Konstantin Ryabitsev <konstantin@linuxfoundation.org> wrote:
> Hello:
> 
> For the bugzilla integration work I'm doing, I need a way to check if there
> were any updates to a thread since the last check. Right now, I'm just
> grabbing the full thread, parsing it and seeing if there are any new
> message-IDs that we don't know about, but it's very wasteful. Any way to just
> issue something like "how many messages are in a thread with this message-id"
> or "are there any updates to a thread with this message-id since
> YYYYMMDDHHMMSS?

  lei q -t --only /path/to/(inbox|extindex) mid:$MSGID rt:APPROXIDATE..

Returns JSON and won't retrieve message bodies from git.

I wouldn't query down to the second due to propagation delays,
clock skew, etc, though.


There might be a JMAP endpoint I can implement for WWW which
only retrieves that info, but getting backreferences (required
by the JMAP spec) to work properly seemed painful.

^ permalink raw reply	[flat|nested] 17+ messages in thread

* Re: Cheap way to check for new messages in a thread
  2023-03-27 19:10 ` Eric Wong
@ 2023-03-27 20:47   ` Konstantin Ryabitsev
  2023-03-27 21:38     ` Eric Wong
  0 siblings, 1 reply; 17+ messages in thread
From: Konstantin Ryabitsev @ 2023-03-27 20:47 UTC (permalink / raw)
  To: Eric Wong; +Cc: meta

On Mon, Mar 27, 2023 at 07:10:49PM +0000, Eric Wong wrote:
> > For the bugzilla integration work I'm doing, I need a way to check if there
> > were any updates to a thread since the last check. Right now, I'm just
> > grabbing the full thread, parsing it and seeing if there are any new
> > message-IDs that we don't know about, but it's very wasteful. Any way to just
> > issue something like "how many messages are in a thread with this message-id"
> > or "are there any updates to a thread with this message-id since
> > YYYYMMDDHHMMSS?
> 
>   lei q -t --only /path/to/(inbox|extindex) mid:$MSGID rt:APPROXIDATE..
> 
> Returns JSON and won't retrieve message bodies from git.

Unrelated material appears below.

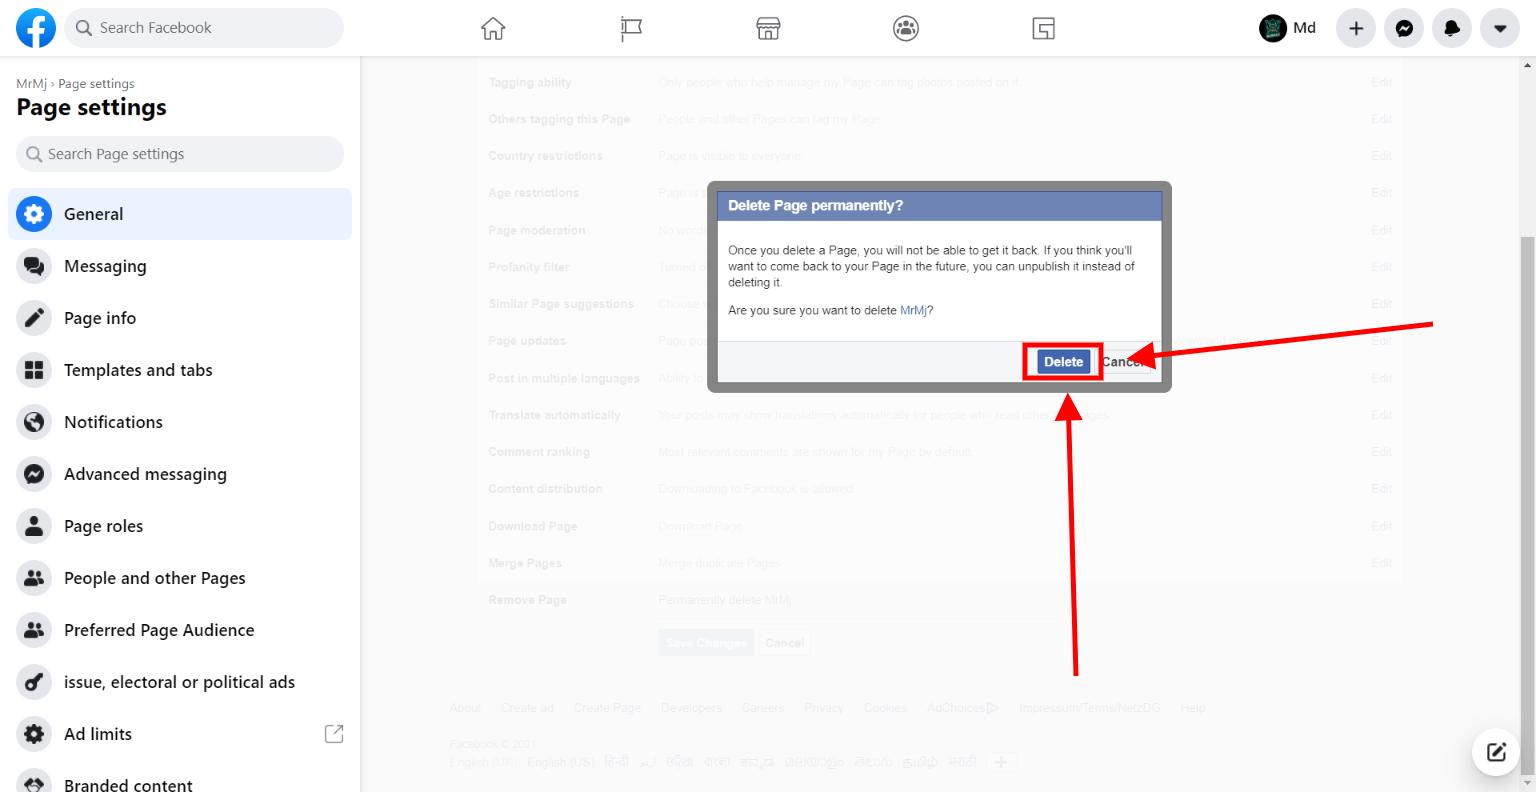 screenshot www.facebook.com 2021.03.09 12 41 16

Ah, I was hoping to have a fully remote way of doing this.

> I wouldn't query down to the second due to propagation delays,
> clock skew, etc, though.
> 
> There might be a JMAP endpoint I can implement for WWW which
> only retrieves that info, but getting backreferences (required
> by the JMAP spec) to work properly seemed painful.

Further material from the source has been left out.